あとは生徒個々がプリントをしたりすればいいので、授業の最後の20〜10分くらいはこちらで見て回ることにしている。
叱っても静かにできない
今回のことでしみじみ思ったのは、彼らは叱っても静かさを保てるのはせいぜい3秒くらいなのだと思う。長くて7秒くらい。10秒持たない。叱るのは道理や筋として大切だと思うが、叱っても言うこと聞かなければ別の方法を試すしかない。しかも別の方法を試した後の方が生徒がいうことを聞くので、教育って「北風と太陽」なのだなとしみじみ思う。(叱り方にも寄るとは思う)
多動は悪いことなのか?
この多動の生徒がいることで助かっていることもある。前述したプリント配布の生徒ように誰にでも気さくに話しかける子が多いく、話しかけ方が嫌味じゃなく自然なのがすごくいいところだと思う。教室で浮いていたり小さくなっている子にも「やっぱり〇〇くんすごいな〜!」「得意だよねこれ!」なんて多動傾向の子は話しかけてくれるので、言われた方もはにかんで笑っていることが多い。特に不登校傾向のある子達がこの多動の子たちから話しかけられたことをきっかけにクラス内で打ち解けて始めることも結構ある。彼らの多動特性をうまく活かせばこちらもめちゃめちゃ助かることが多い。
衝動的に動いてしまって学習する機会が減る
それと今回思ったのは、多動傾向の子は衝動的に動いてしまう間に学習の時間が減ることになるので、そりゃ成績が下がりやすくなるだろうなということだった。動いてる間勉強してないんだもん。なので彼らの学習の機会や時間をなるべく減らさないように工夫するのが教員側の役割の一つなのだと思った。サビ残は増えるけれども。

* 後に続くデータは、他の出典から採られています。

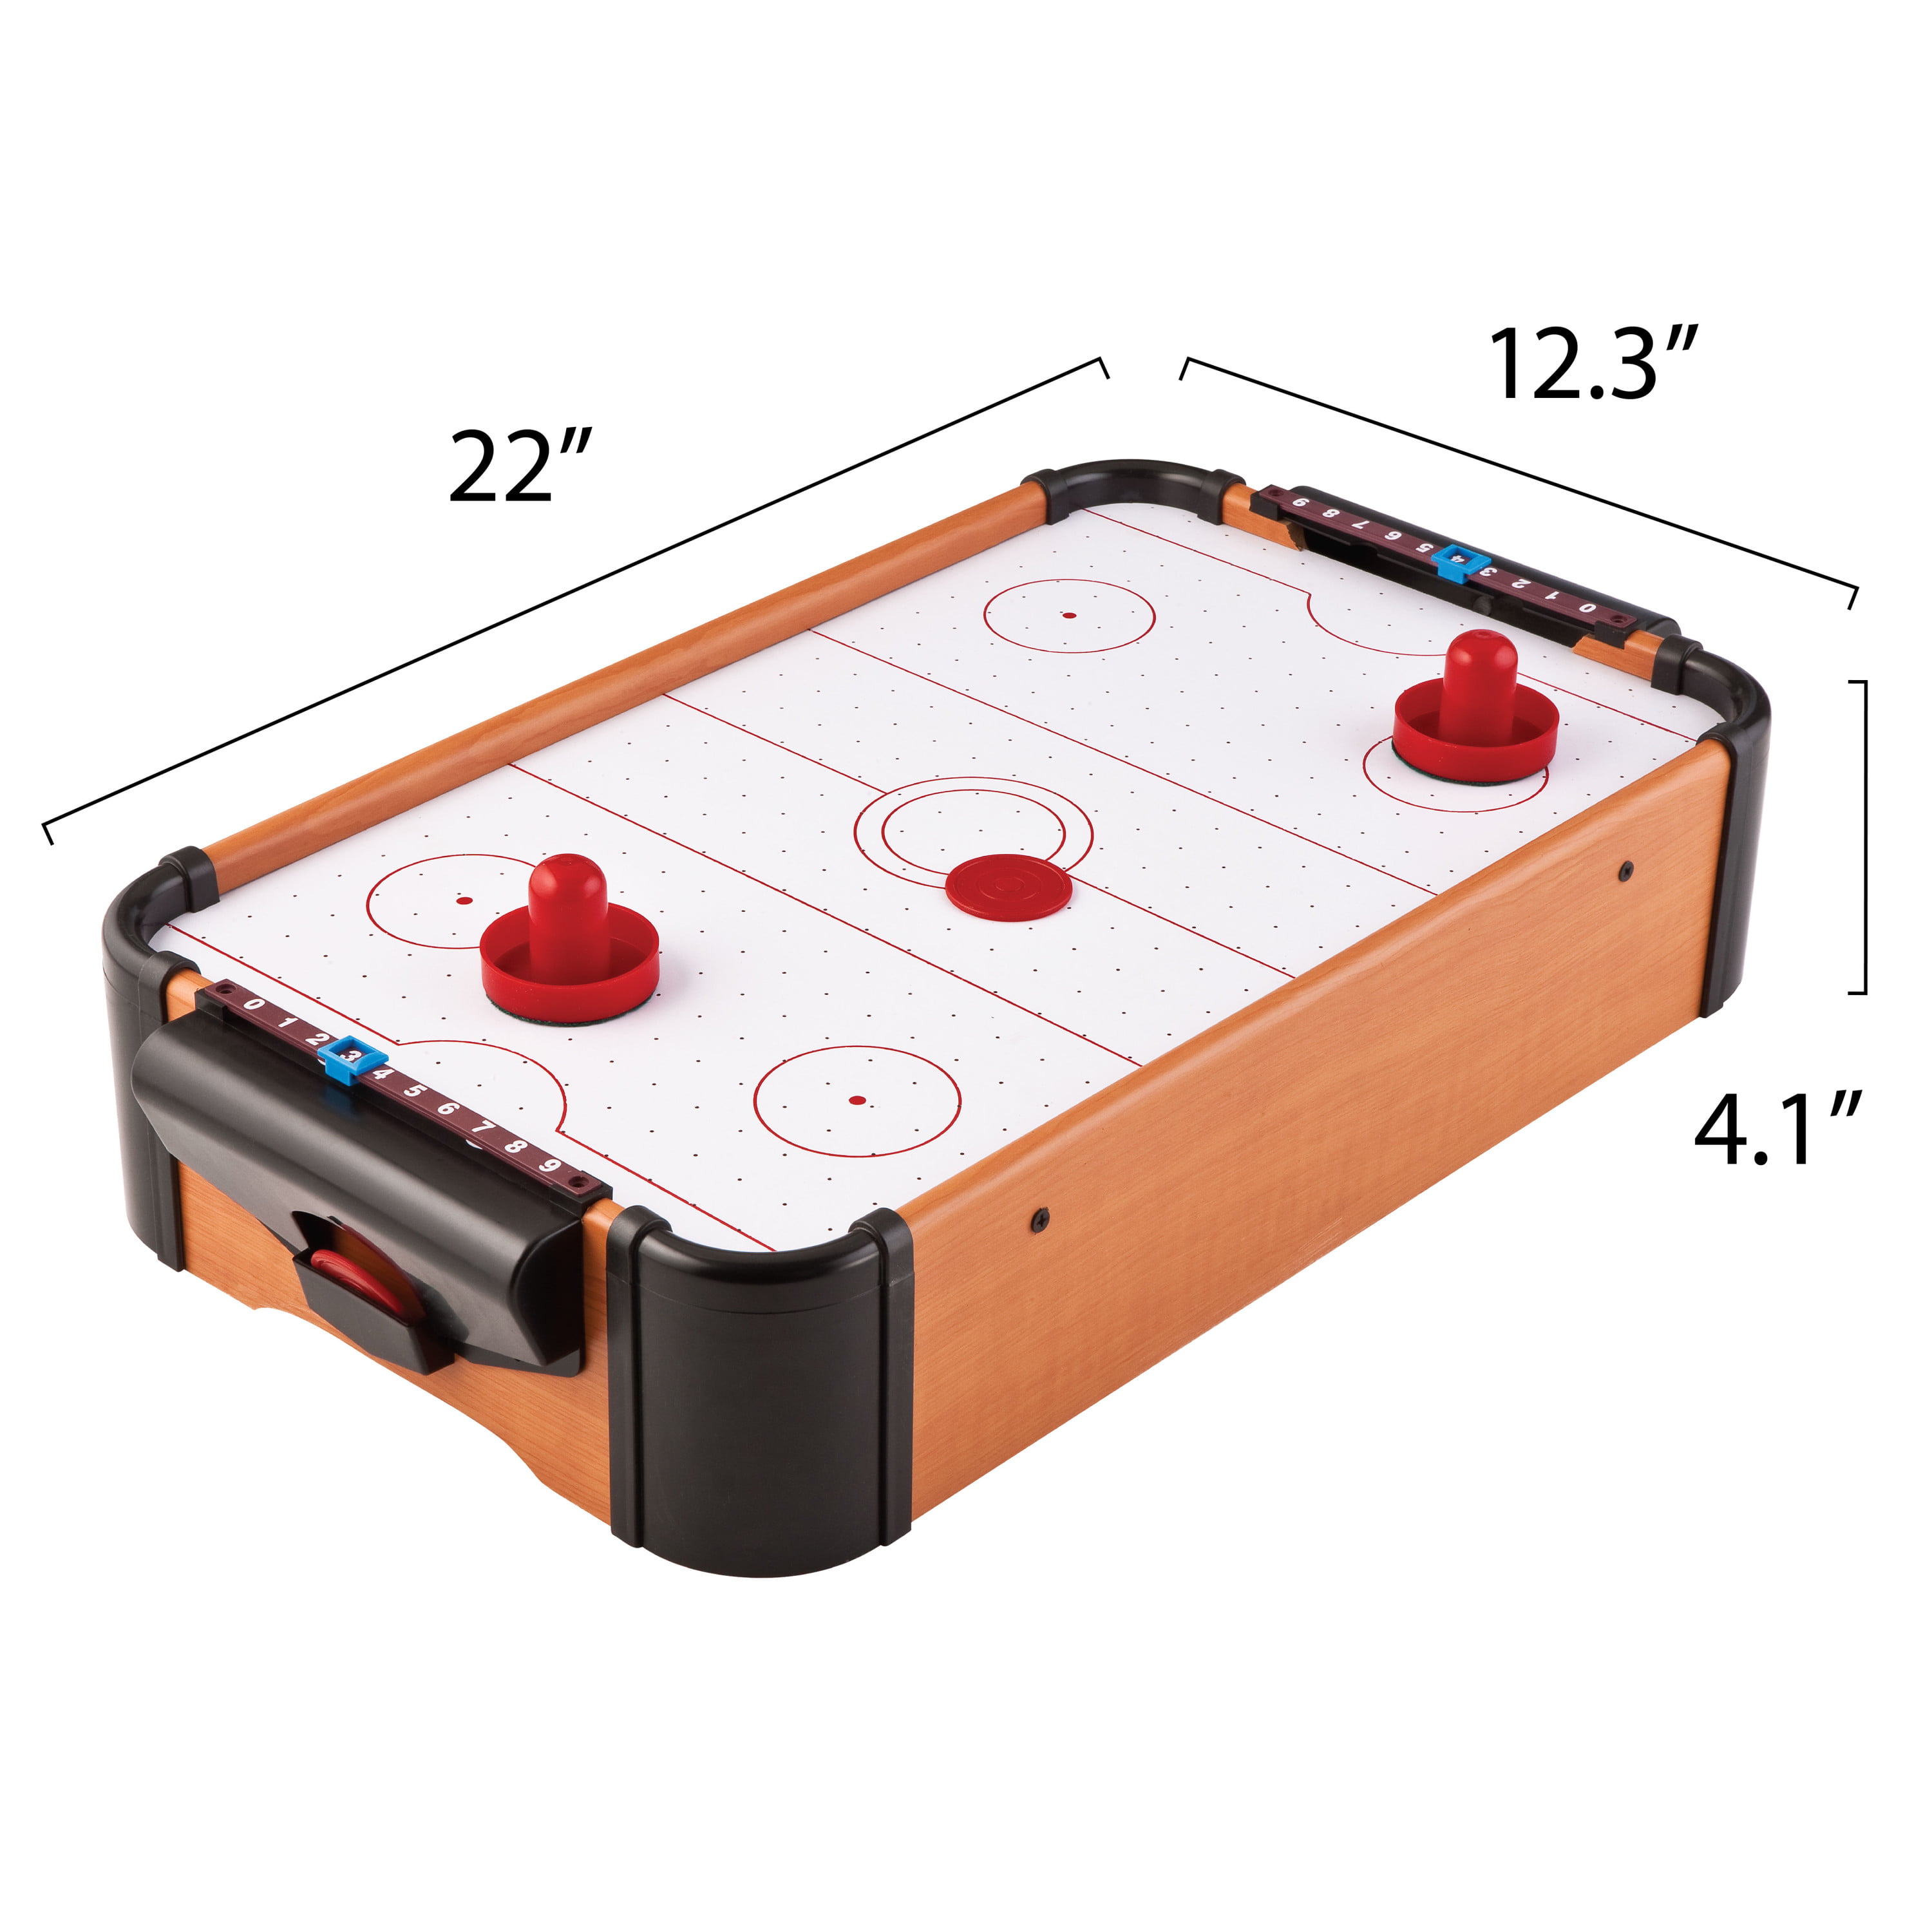 Toy Time 403165AKS Mini Arcade Air Hockey Tabletop Game Battery Operat

授業がわからないからおもしろくない→おもしろくないから動いてしまう→動くと学習しないからさらに勉強がわからなくなる。この悪循環に生徒がハマってしまわないように工夫すれば、自分が授業中にイラつく機会も減るだろう……(という願望に過ぎないが)。生徒の将来のためでもあるけど、まずは自分のために工夫したい。それが文字通り明日の自分の幸福度につながってくる。